ソ連時代からの在庫が枯渇

 ロシアとウクライナはともに旧ソ連規格の口径122ミリおよび口径152ミリの榴弾を使用しており、その古い在庫を世界中で探し回ってきた。

 だが、ロシアには提供を要請できる友好国がなくなりつつある。

 ベラルーシの在庫は底をついた。北朝鮮もいくらか提供しているが、自国の在庫が空にならないよう気をつけている。イランには、提供できる在庫がほとんどない。

 中国には、ソ連規格と互換性を持つ榴弾がある。

 米国防総省国防情報局にかつて籍を置いていたロニー・ヘンリー氏によれば、中国の在庫の規模や品質のことはほとんど知られていない。

 だが、ロシアに忍び寄る榴弾不足の危機を回避するには十分だと見て間違いない。

 戦力の消耗が重要な要因になり、砲撃の相対的な割合が決定的な意味を持つ場面も時折見られる紛争において、これは大きな違いをもたらす。

 双方の防衛産業が武器の増産に奮闘している。

武器輸出大国としてのし上がる中国

 中国は、形勢を傾けられるほど大きな影響力を持つ。

 同国は世界第4位の武器輸出国だ。
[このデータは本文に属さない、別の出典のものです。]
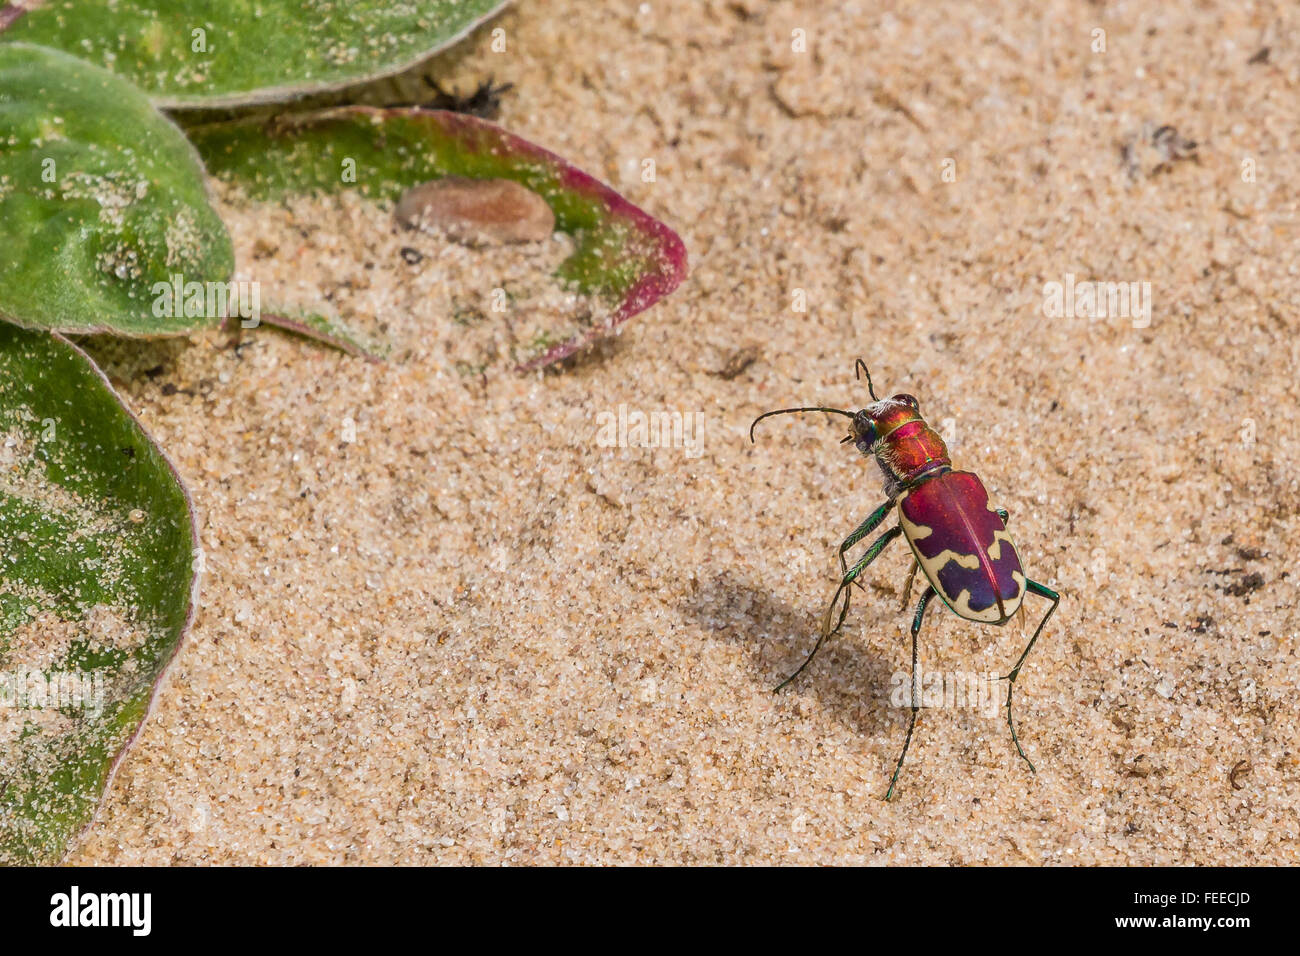 A beautiful Big Sand Tiger Beetle, Cicindela formosa, on a sandy trail in Texas Stock Photo

ストックホルム国際平和研究所(SIPRI)がまとめた最新の世界兵器メーカーランキング100社には中国企業が8社も名を連ねている。

 それも7社が上位20社にランクインしており、これをしのぐ国は米国だけだ。近年は中国のトップクラスの企業が著しく売上高を伸ばしている(図参照)。

 今回の戦争は中国に、防衛面でのロシアとの関係をリセットし再調整する機会も与える可能性がある。

 中国は何年もの間、ロシアの軍事技術を輸入し、その大半でリバースエンジニアリングを行って模造品を作った。

 2017~21年には防衛関連の輸入の81%がロシアから来ていた。中国の最新ステルス戦闘機のエンジンもその一部だ。